◆ Provided data:

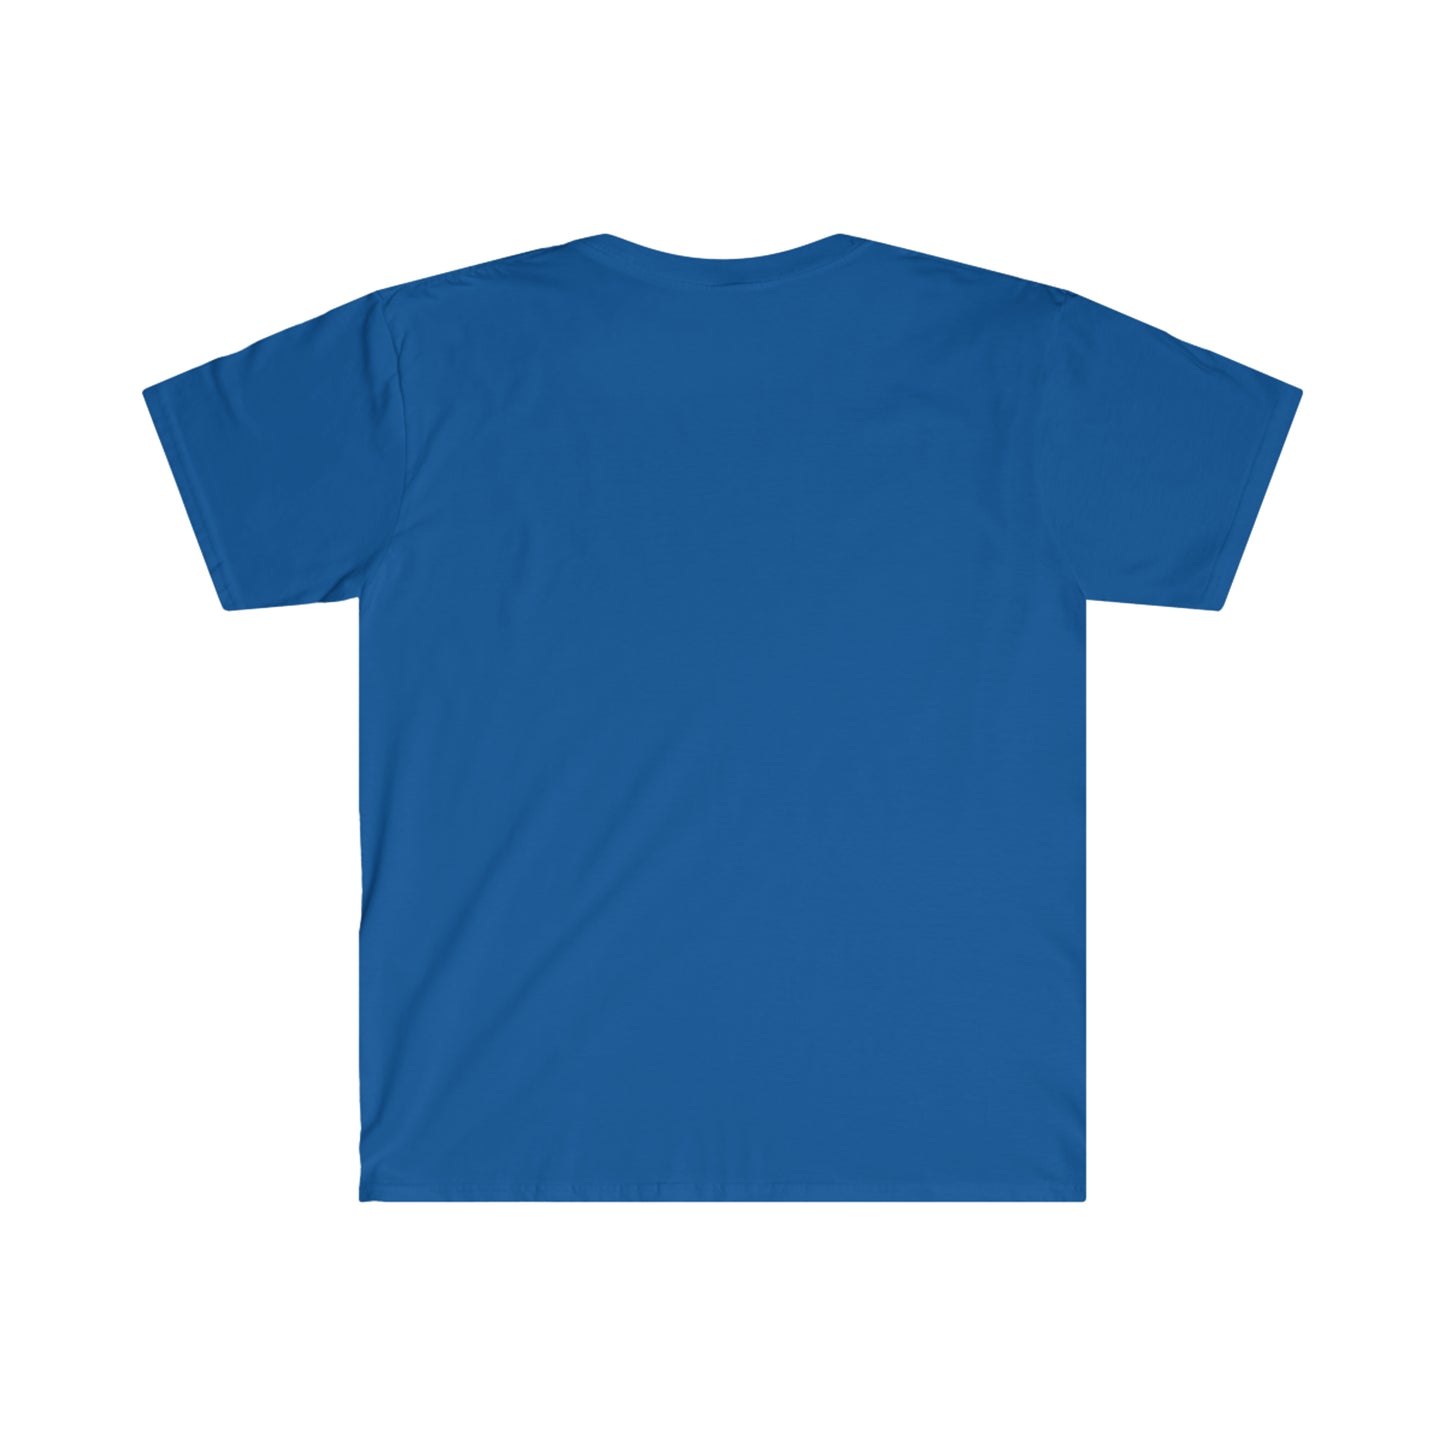 DFW Sigs - T-Shirt
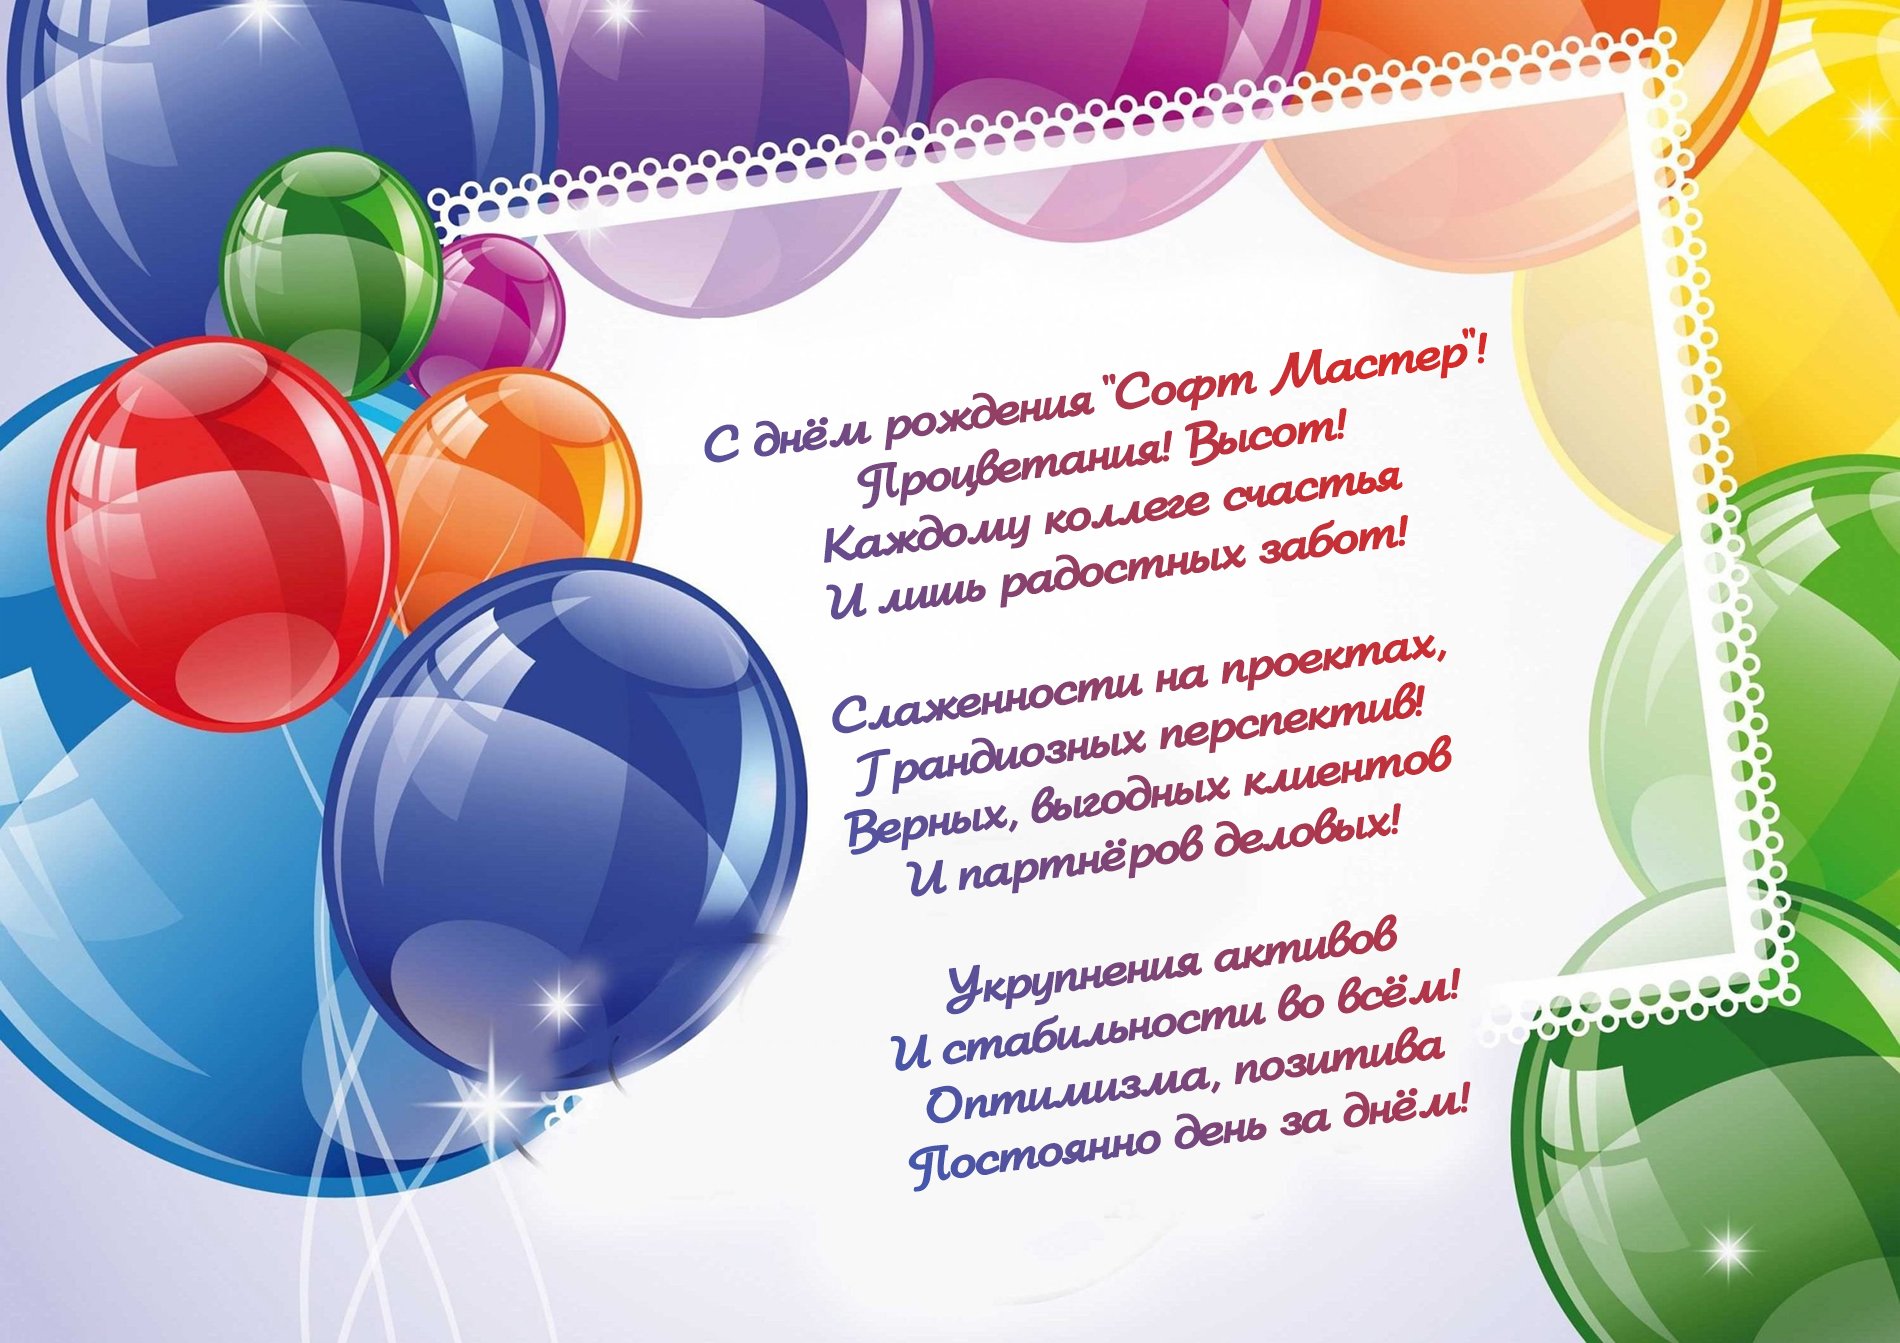 дмитрий с днем рождения открытки с поздравлениями - 9035443
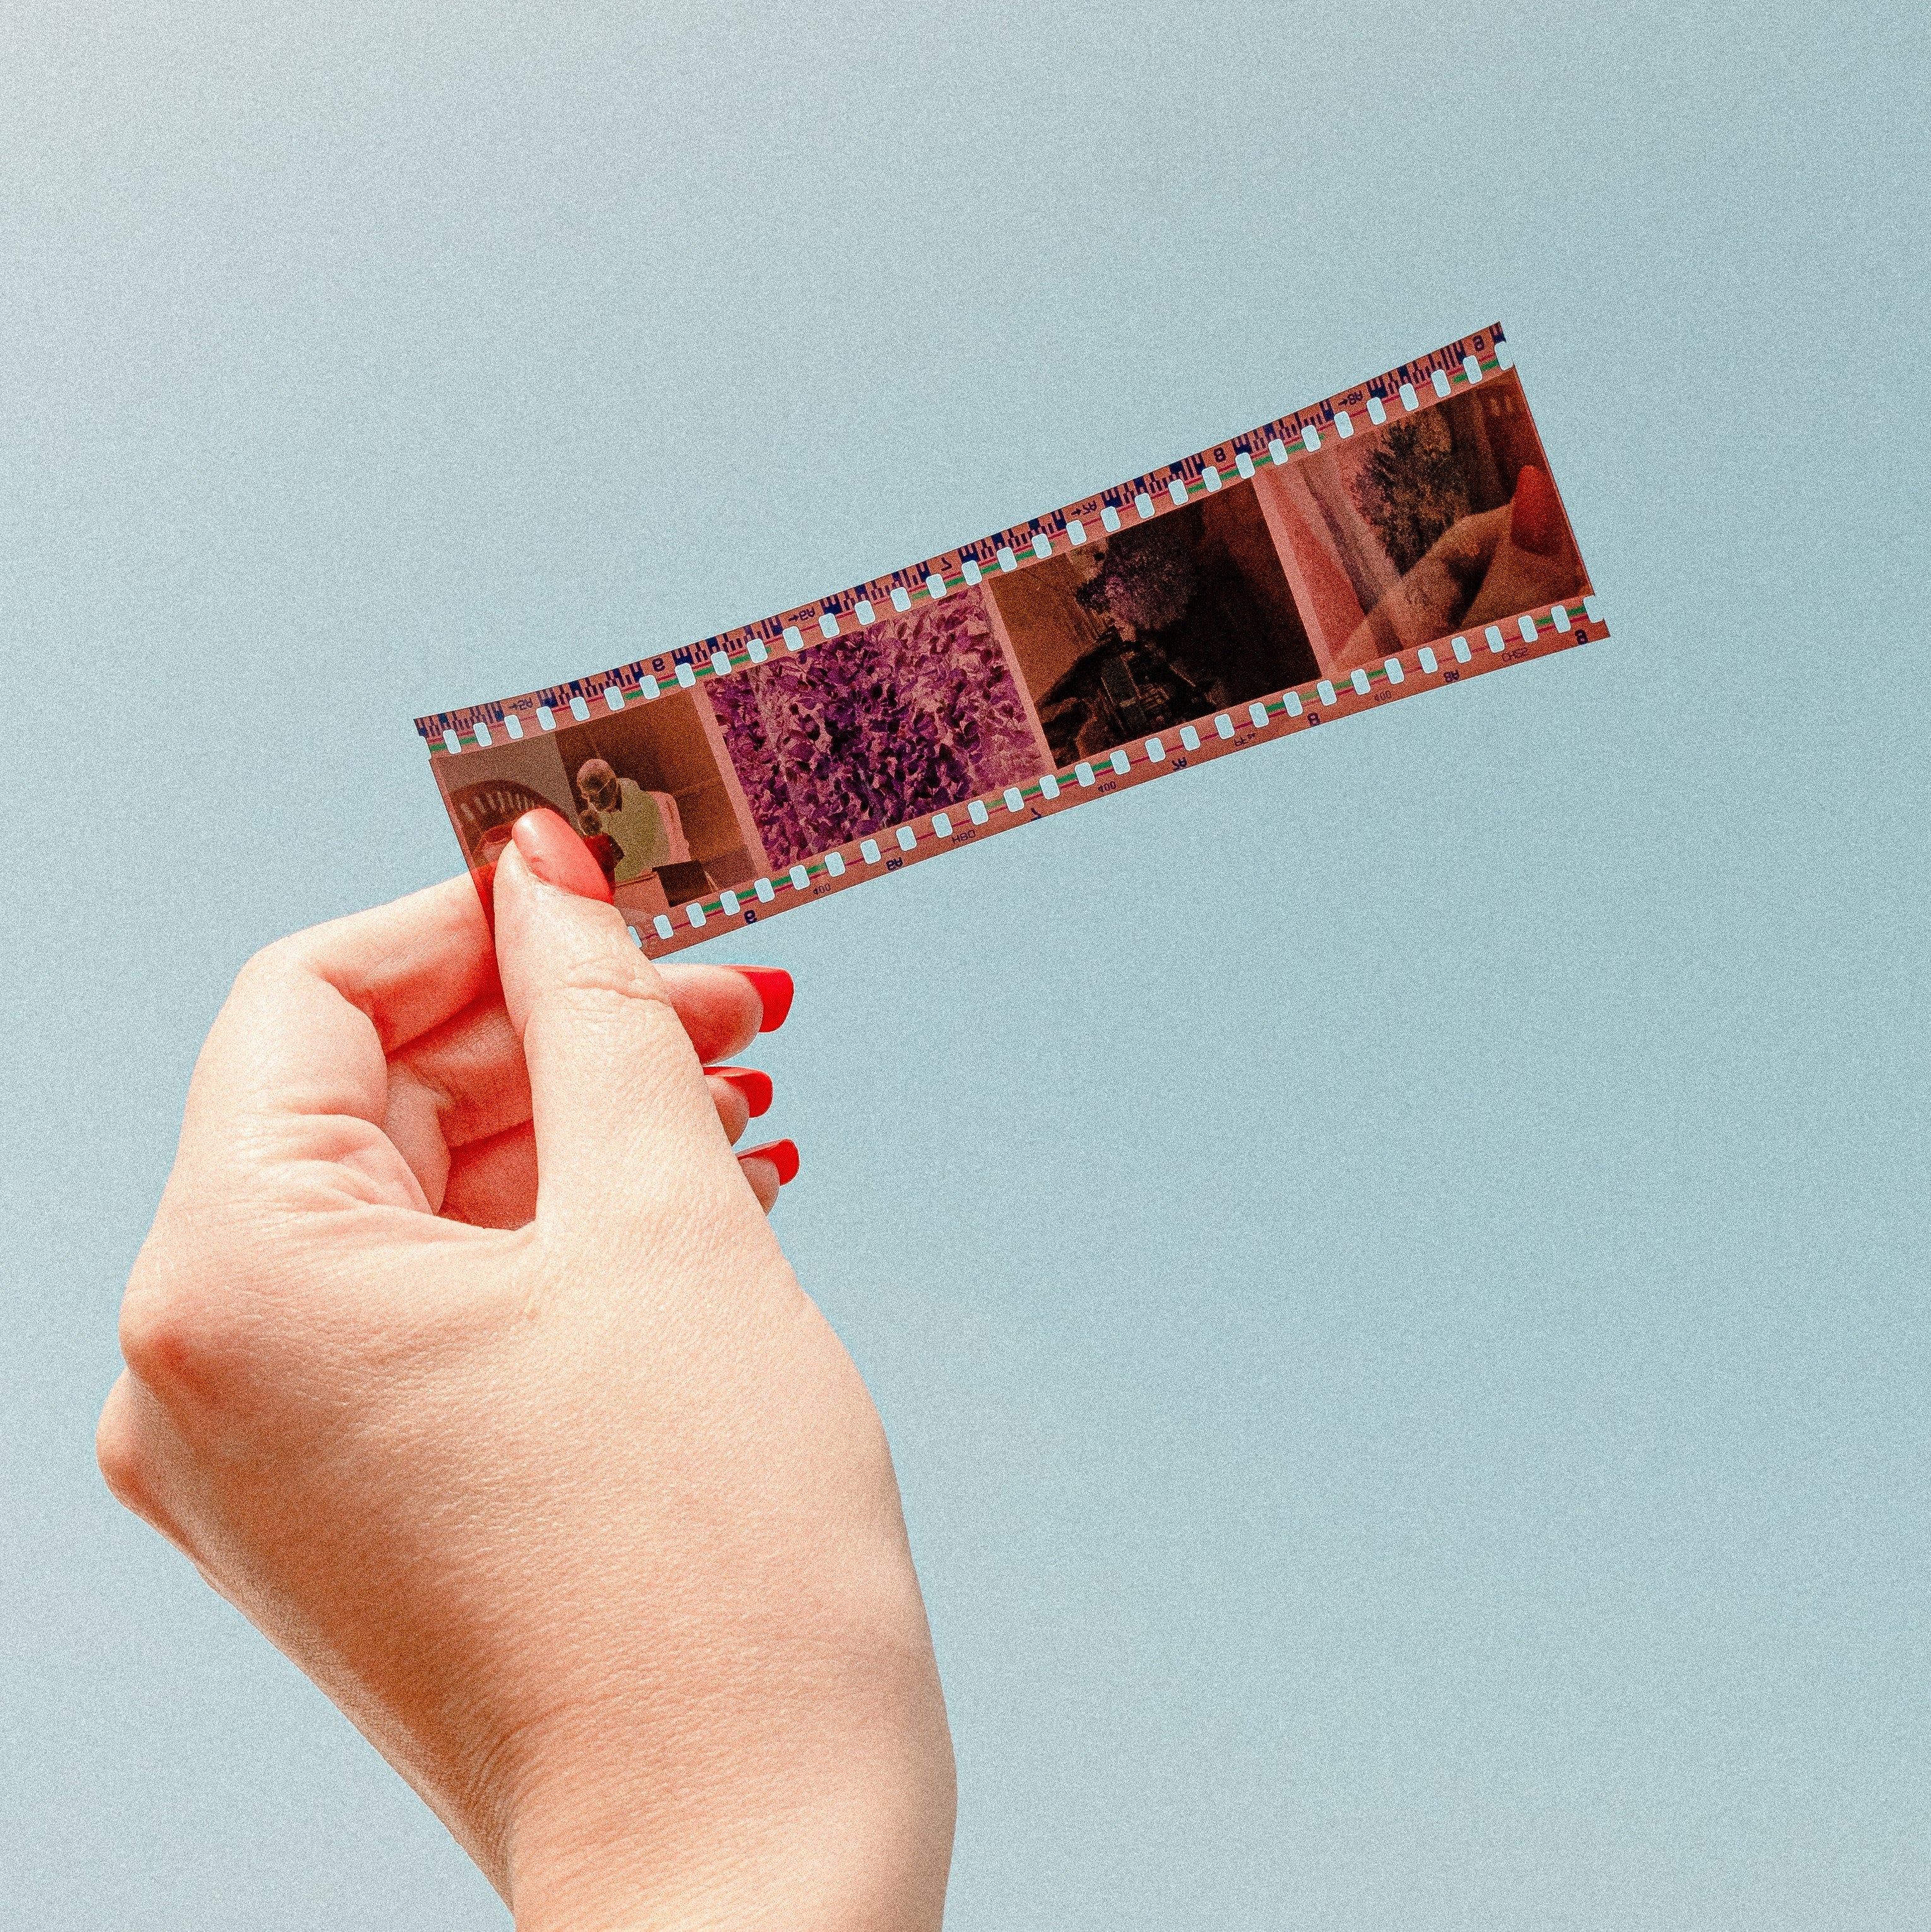 35mm Film Strip Scanning

◆ Directions: Every line of the data is to be transcribed exactly, and no picture is to be included.

◆ Answer section:
 DFW Sigs - T-Shirt
 дмитрий с днем рождения открытки с поздравлениями - 9035443
 35mm Film Strip Scanning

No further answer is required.